(The data)
= = = = = = =

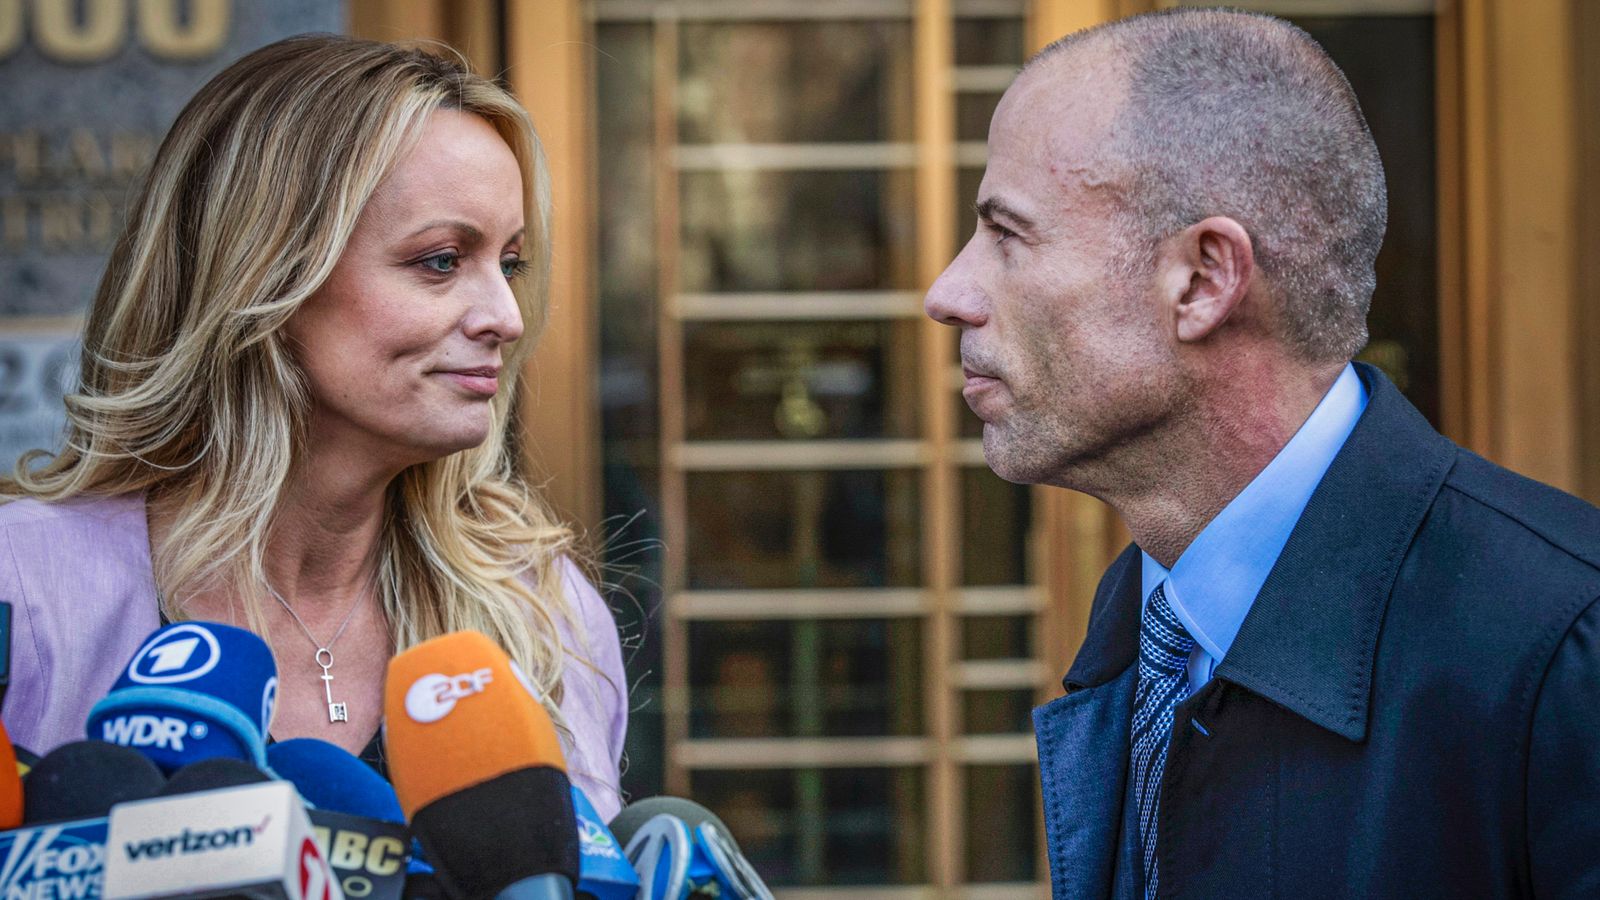 Michael Avenatti: Celebrity lawyer and former Trump foe gets 14 more years in prison
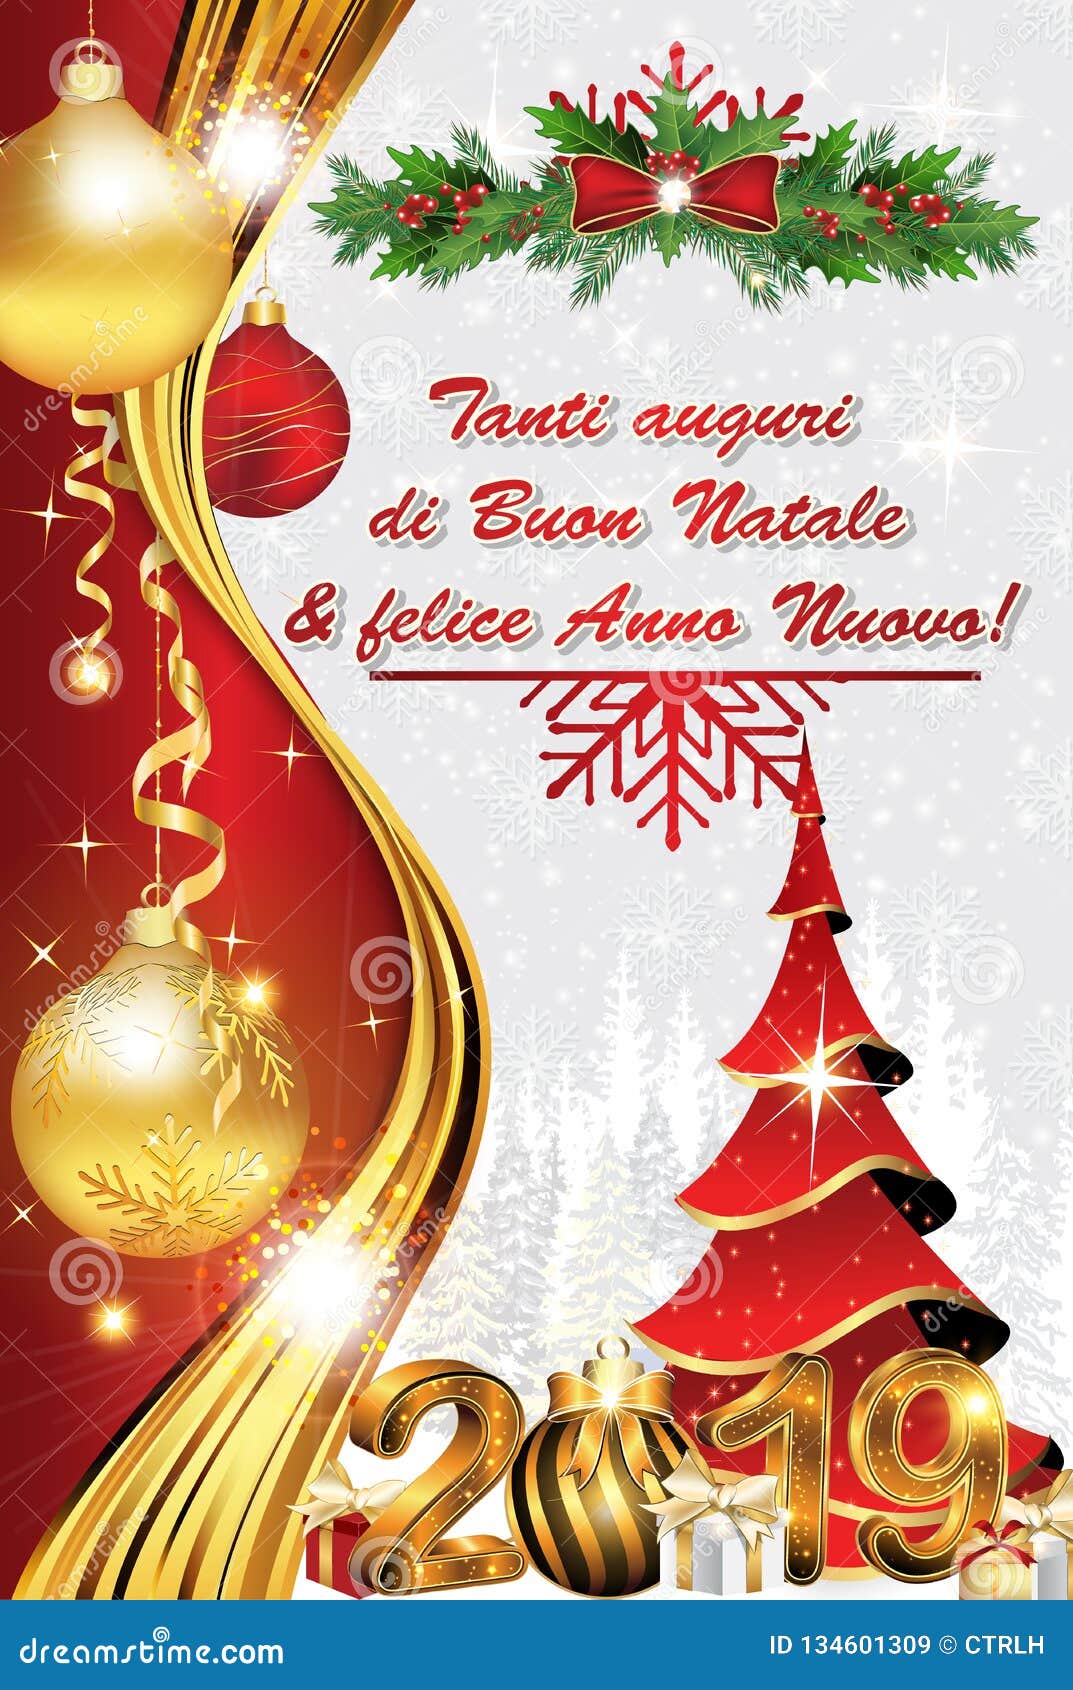 Auguri Di Buon Natale Translation.Italian Greeting Card With Classic Design Merry Christmas And Happy New Year Stock Illustration Illustration Of Companies Jingle 134601309
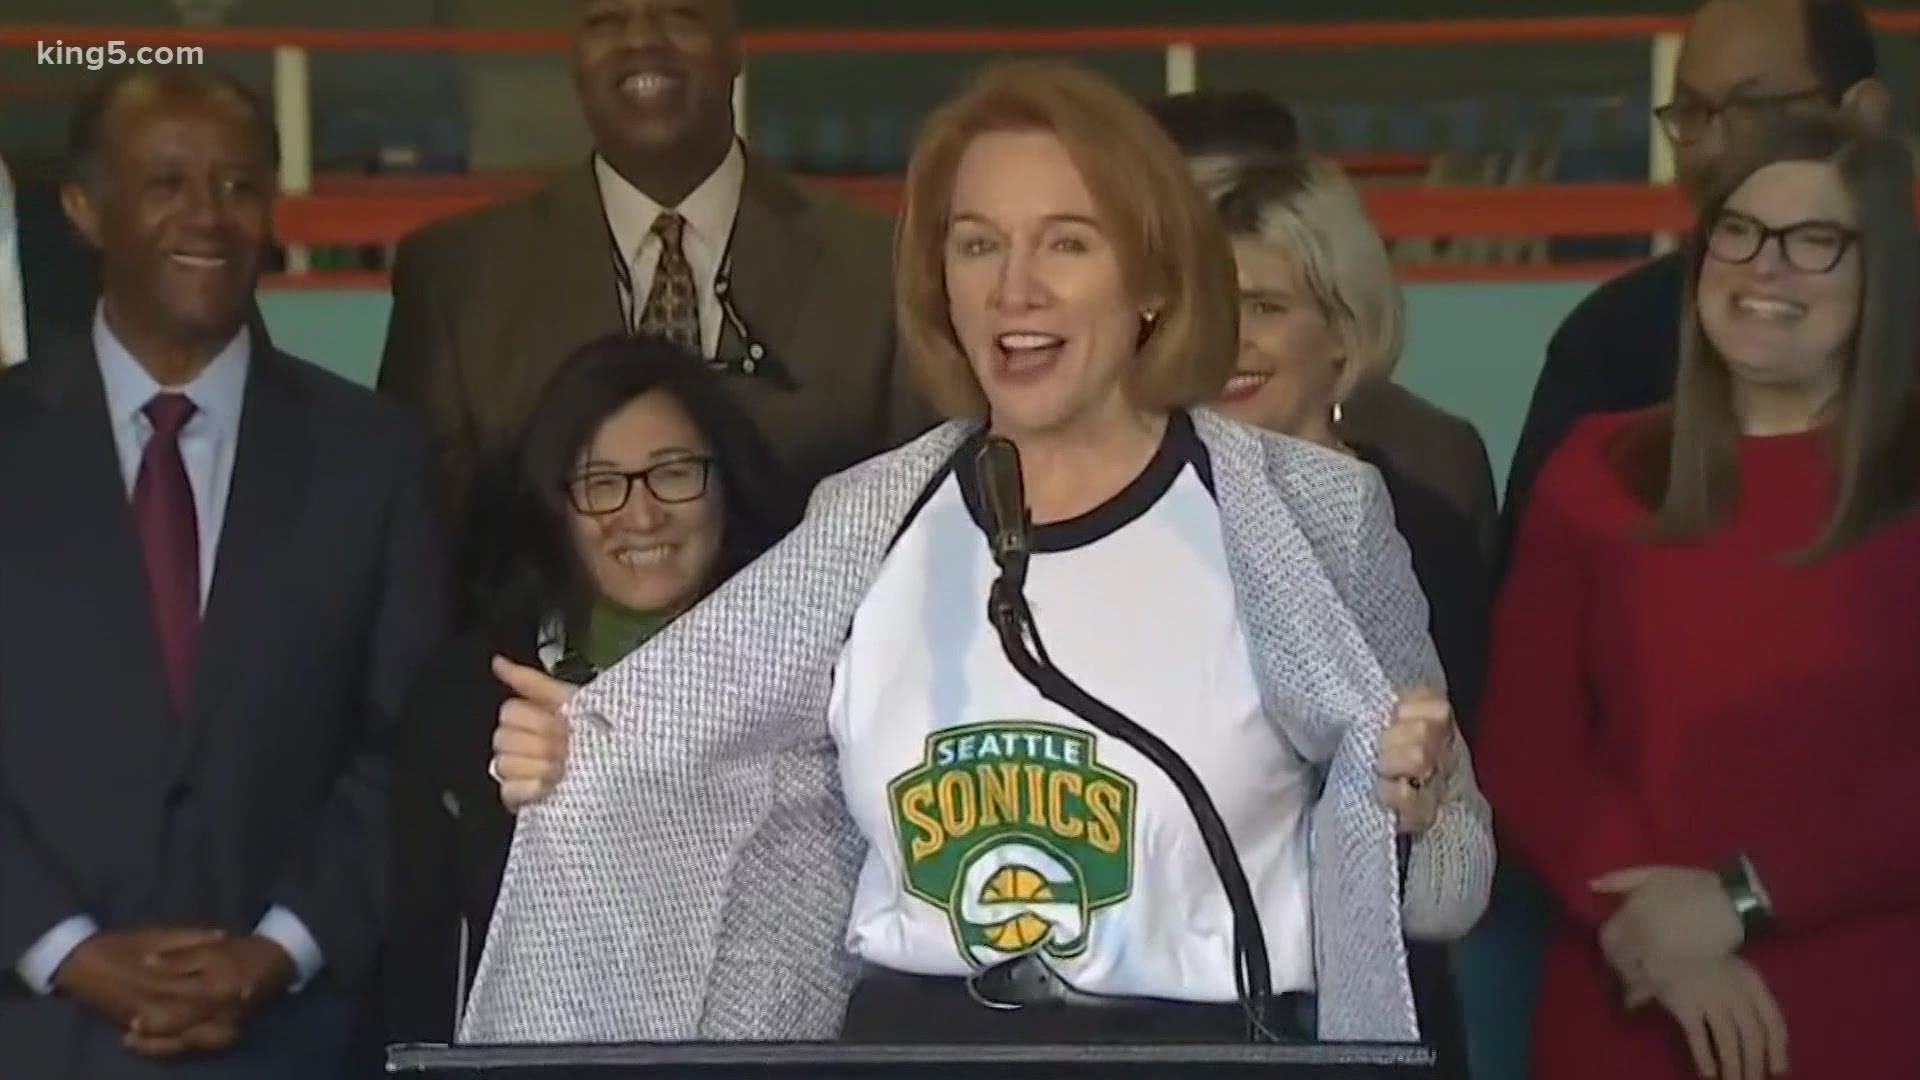 Could Seattle see a return of NBA basketball? Seattle Mayor Jenny Durkan is feeling good about it, now the rest of the country is buzzing.
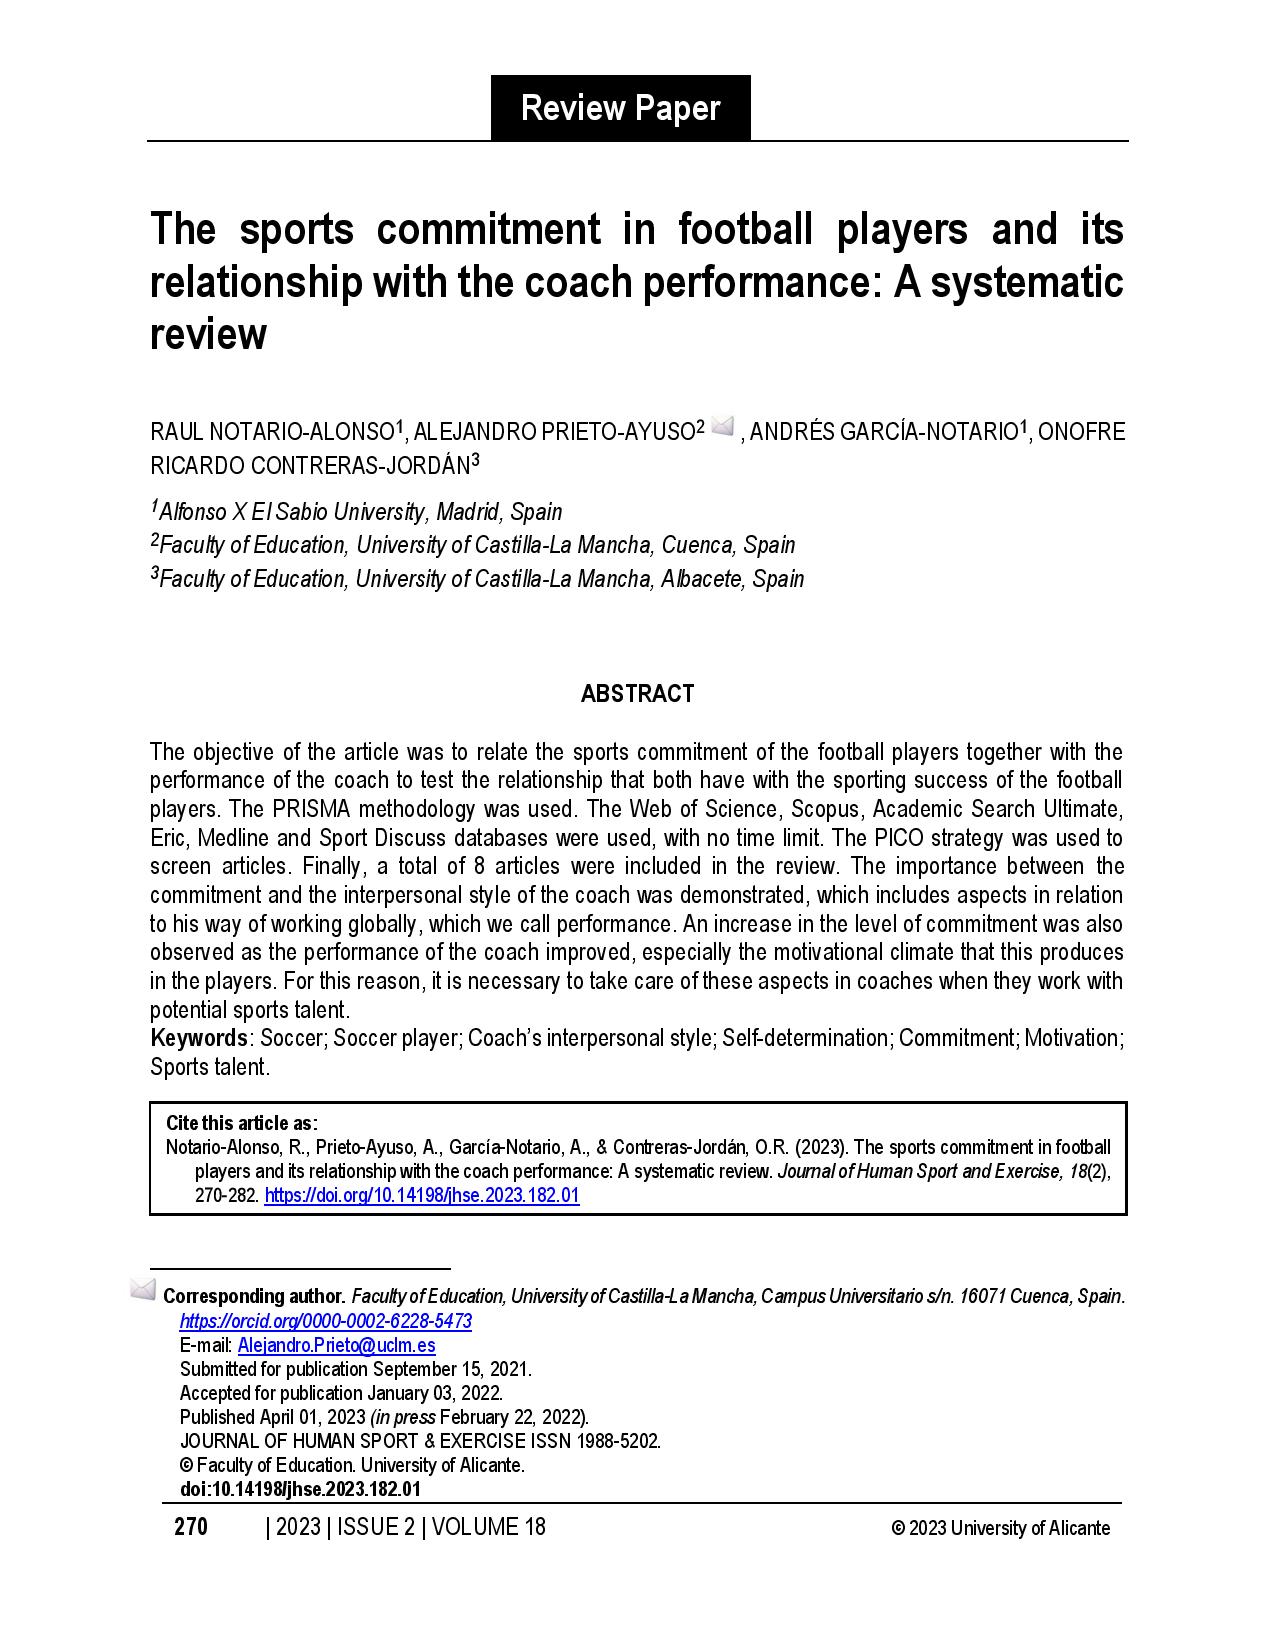 The sports commitment in football players and its relationship with the coach performance: A systematic review

= = = = = = =

Skip the pictures, then return the rest of the data exactly.

 Michael Avenatti: Celebrity lawyer and former Trump foe gets 14 more years in prison
 Auguri Di Buon Natale Translation.Italian Greeting Card With Classic Design Merry Christmas And Happy New Year Stock Illustration Illustration Of Companies Jingle 134601309
 Could Seattle see a return of NBA basketball? Seattle Mayor Jenny Durkan is feeling good about it, now the rest of the country is buzzing.
 The sports commitment in football players and its relationship with the coach performance: A systematic review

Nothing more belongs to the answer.